Although the data below contains pictures, output only the lines between those holding "Homemade Gift Ideas For Father'S Day" and "Homemade Father s", inclusive, exactly and without those pictures.

DATASET CONTENT:
-*-
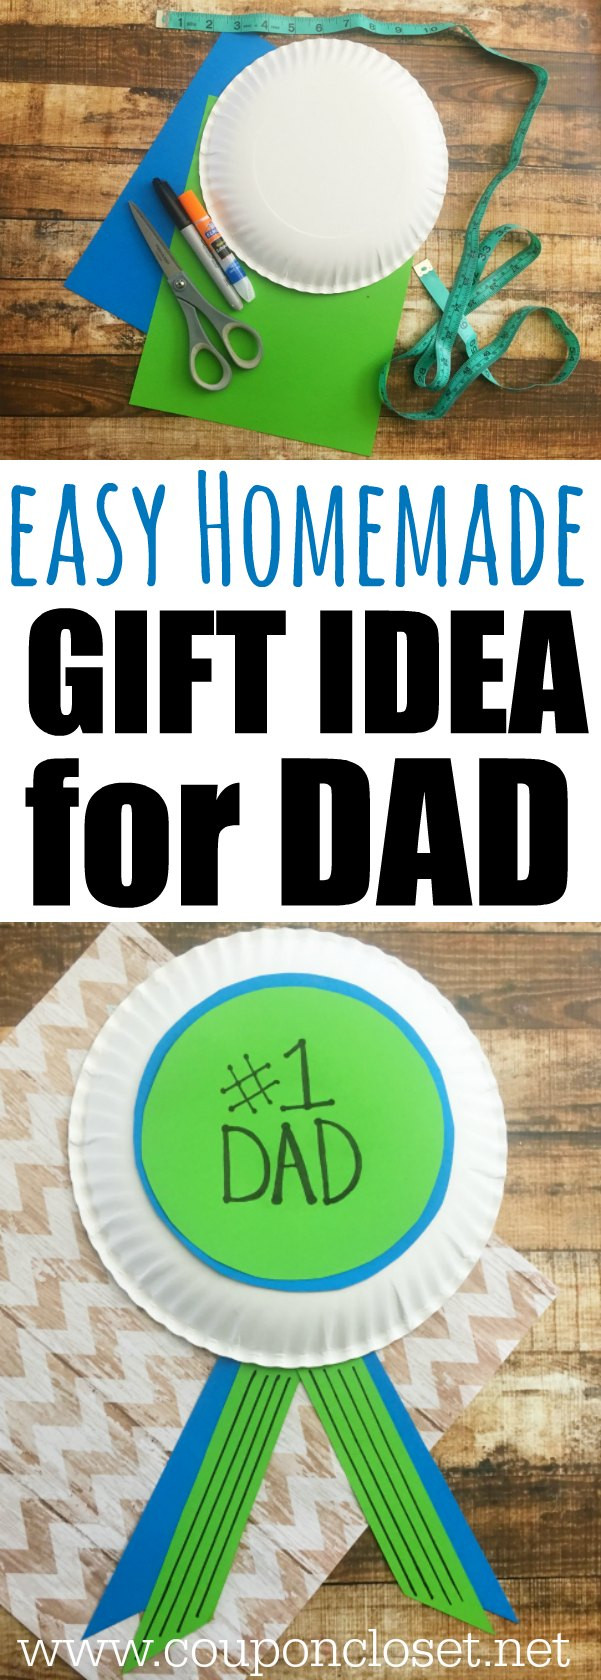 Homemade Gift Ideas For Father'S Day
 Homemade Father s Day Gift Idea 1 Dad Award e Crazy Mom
-*-
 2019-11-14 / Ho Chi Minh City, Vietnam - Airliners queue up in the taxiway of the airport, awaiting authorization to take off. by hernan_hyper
-*-
ANSWER TO THE PROBLEM:
 Homemade Gift Ideas For Father'S Day
 Homemade Father s Day Gift Idea 1 Dad Award e Crazy Mom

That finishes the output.